Are They Just Waiting for Samer Issawi to Die? A Note to AP and Amnesty International


by ALISON WEIR
Samer Issawi has lived for 33 years, 1 month, and 27 days. I hope he lives another day.
He has been on a hunger strike now for six and a half months. Gandhis’ longest hunger strike was 21 days.
The IRA’s Bobby Sands and nine other Irish hunger strikers died in 1981 after strikes lasting from 46 to 73 days.
Issawi’s internal organs are starting to shut down, he can no longer walk, he is reportedly suffering loss of vision and vomiting blood, it is difficult for him talk, and he is increasingly near death. He has lost over half his body weight.
One of the main ideas behind such nonviolent resistance is that world awareness will bring pressure on behalf of the sufferer.
Yet, U.S. news outlets are not covering Issawi’s hunger strike. It appears that the Associated Press has not run a single news story on Issawi’s strike and refuses to answer queries on the subject.
AP’s lack of reporting on the situation is even more inexplicable given that there has been an international campaign on Issawi’s behalf.
There have been banner drops in Washington, D.C, Chicago, Cleveland, Austin, and other parts of the world; demonstrations and vigils in numerous cities; and Issawi’s plight has made it onto Twitter’s world-trending list at least four times this month.
The alleged “crime” for which Issawi is being imprisoned and may die – there has been no trial – is for having allegedly traveled outside Jerusalem. Issawi is one of the Palestinian prisoners released in a prisoner exchange in 2011, and such movement, Israel says, violated the terms of that release. (It is unclear whether Israel has formally charged Issawi.)
However, Issawi supporters point out that Issawi’s “travel” was to an area near Hizma, and Israel does not appear to dispute this, bringing into question Israel’s claimed reason for incarcerating him: Hizma is within Jerusalem’s municipal borders.
Israeli is holding Issawi under “administrative detention,” a system by which Israel holds Palestinian men, women, and even children for as long as the Israeli government wishes without trials or charges; sometimes for decades. Since 2000 Israel has reportedly issued 20,000 such detention orders.
In response to Issawi’s hunger strike, Israel has begun punishing his family. Israel arrested his sister for a period and reportedly cut off water to her house. In early July the Israeli army demolished his brother’s home.
It is difficult to think that if an Israeli soldier were held by Palestinians that the Associated Press would not run a single story about it. (AP ran many dozens of stories on Israeli tank gunner Gilad Shalit when he was held in Gaza.)
It is even more difficult to imagine that if an Israeli held by Palestinians (none are) had been on a hunger strike – let alone one that had lasted months and put him near death – the person would not have been the subject of a single AP report.
Moreover, Issawi is just one of a multitude of Palestinian hunger strikers, almost all ignored by U.S. media. Another, Ayman Sharawna, whose fast was interrupted for a short period, has been on a strike that, in total, is even longer that Issawi’s.

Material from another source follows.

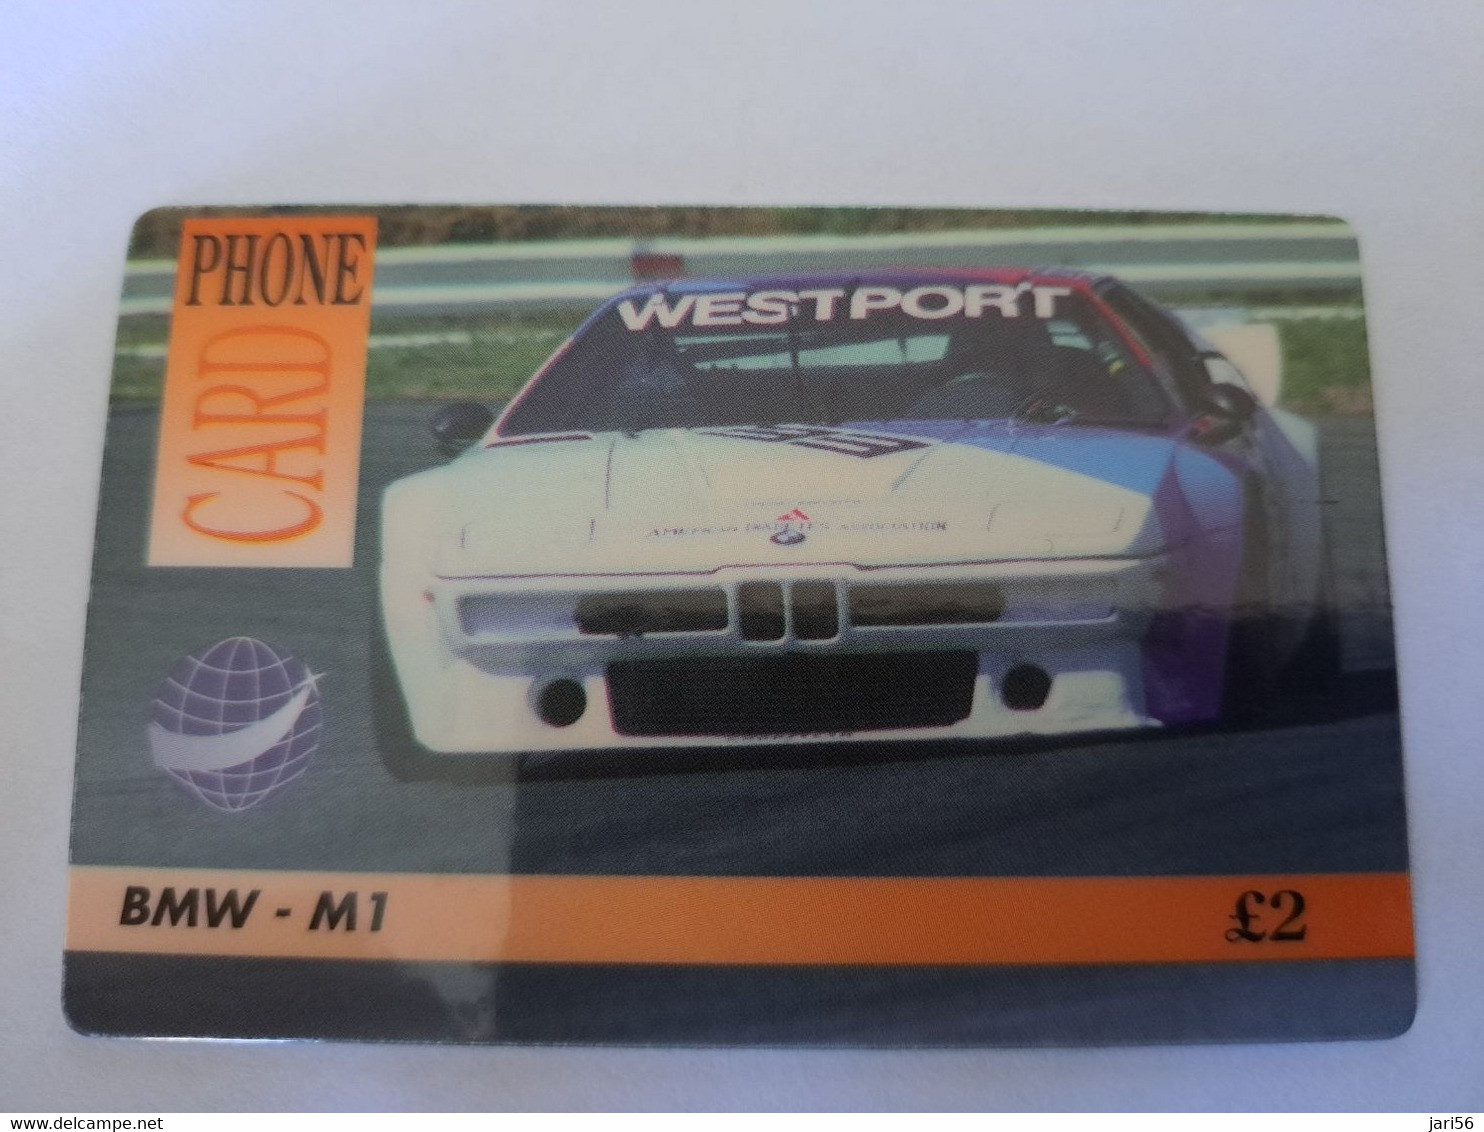 GREAT BRITAIN   2 POUND  /  BMW - M1  AUTO/CAR /RACE  /    DIT PHONECARD    PREPAID CARD      **12126** - Collezioni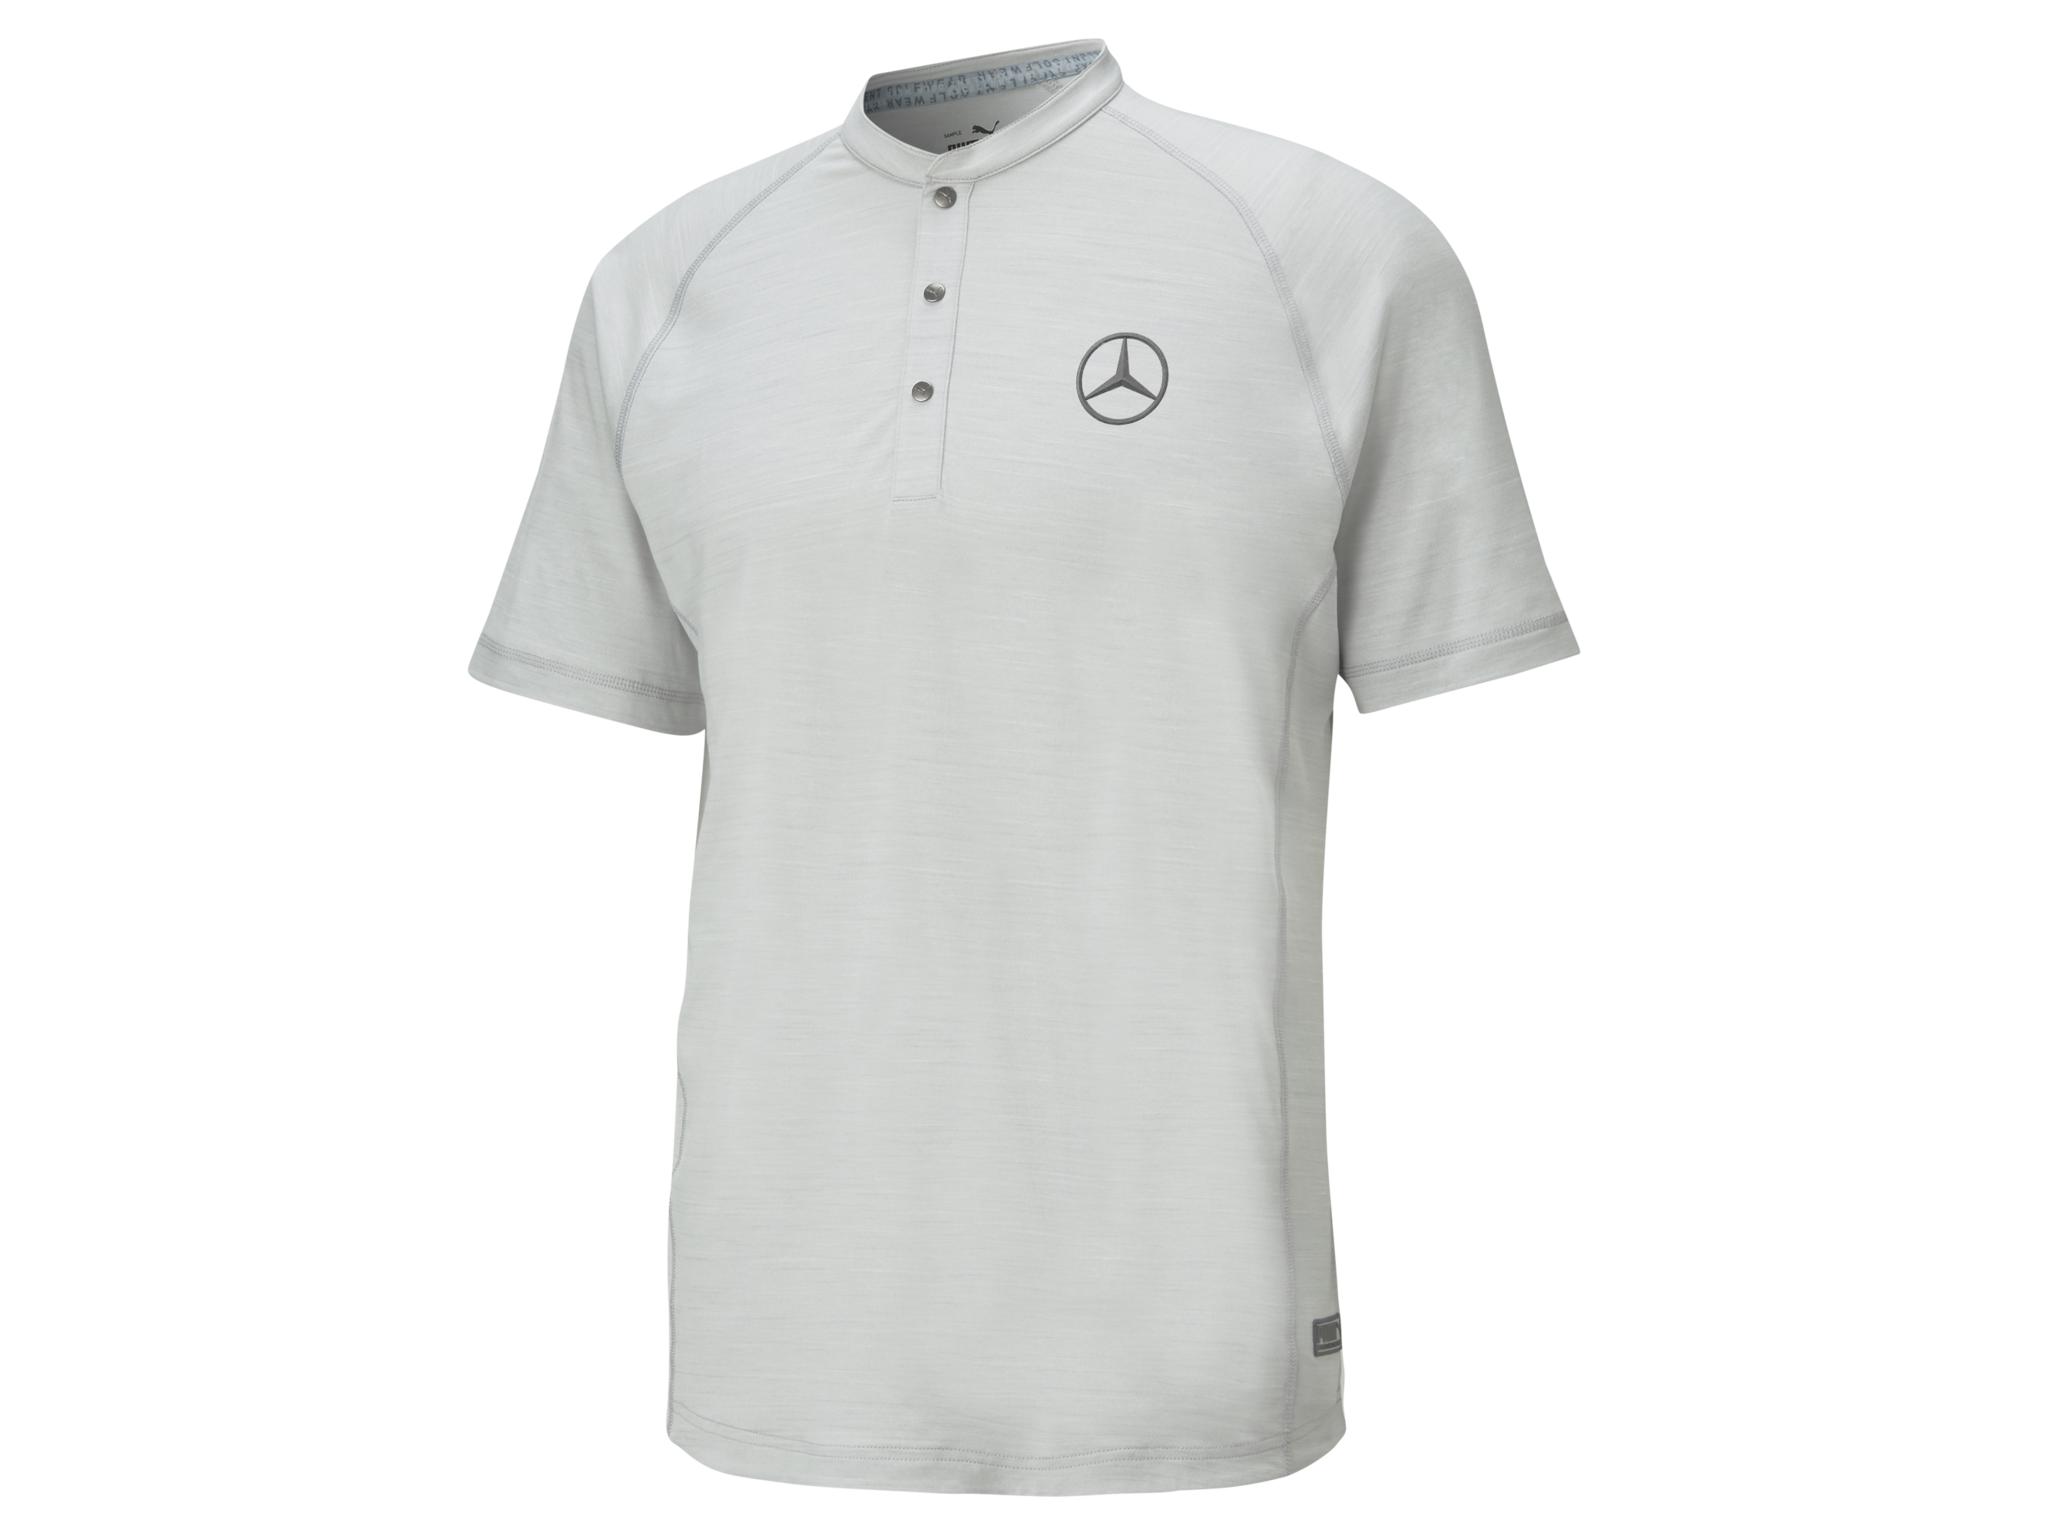 Golf-Poloshirt Herren - XXL, grau

Amnesty International has also been inexplicably negligent.

I have just been informed that Amnesty International plans to issue an announcement about Issawi today. If it does so, this will be its first one on Issawi. In fact, during a hunger strike that lasted over six months, queries to Amnesty and searches of both the American and British websites, have turned up only one mention of him – in the last paragraph of an alert about other prisoners posted on the British site. It is not on the U.S. site.
Phone calls and emails over the past week to Amnesty’s Washington DC, New York, and London offices failed to elicit any information on Issawi or Amnesty’s decision not to alert the public to his situation. (Finally, unable to obtain a response from Amnesty, a few days ago I posted their lack of coverage on Facebook.)
While pro-Israel groups constantly attack Amnesty for insufficiently taking the Israeli line, in reality Amnesty’s record on the Middle East, North Africa, and Afghanistan is often significantly at odds with the organization’s work on behalf of prisoners and human rights in other areas.
There have been analyses and objections to Amnesty actions that appeared to, in the words of one article, “shill for Mideast Wars.” Its executive director Suzanne Nossel spoke in favor of what she termed “hard force,” e.g. wars.
Nossel emphasized that at the top of Amnesty’s list was “defense of Israel,” despite Israel’s long list of violent aggression, ethnic cleansing, and human rights violations. Nossel blasted the UN report on Gaza’s 2008-9 massacre in Gaza as “not supported by facts,” despite massive evidence both in that report and and many others that its statements about Israel were quite accurate, if not slightly tilted toward Israel.
A lengthy article in CounterPunch examined Amnesty’s emphasis (and inaccurate coverage) on the Pussy Riot issue, and compared this to Amnesty’s lack of coverage on the incarceration of whistle blower Julian Assange and on other significant cases.
A 1988 analysis on human rights organizations’ work on Israel-Palesse: http://www.blogger.com/statimings in Amnesty’s work, and in January 2012 Dutch-English writer Paul de Rooij complained of Amnesty’s “double standards” on Palestinian human rights.
In an email exchange with Malcolm Smart, Director of Amnesty’s Middle East and North Africa Programme, de Rooij wrote that Amnesty’s “unwillingness to publish lists” of Palestinian Prisoners of Conscience and the extreme rarity of applying this designation to Palestinian prisoners “indicate that Palestinians can’t expect much from Amnesty International.”
De Rooij continued: “The brutal treatment and dispossession of Palestinians has been going on for decades; the situation is chronic and it has been systematic. But check for yourself in Amnesty’s reports or press releases: when was the last time that AI unambiguously indicated that Israeli actions amounted to crimes against humanity?”
De Rooij answered his own question: “You can count such instances with less than half the fingers on your hand.”
Susanne Nossel left Amnesty in January of this year and her replacement has not yet been chosen, so it is possible that its actions will change.
In the meantime, Samer Issawi’s life seems to be hanging by a thread.
Since Americans give Israel over $8 million per day, our tax money is helping to fund Israel’s actions. Those who wish to prevent at least one tragic death may wish to make their opinion known to the U.S. State Department (202-663-1848) and Associated Press (212.621.1500).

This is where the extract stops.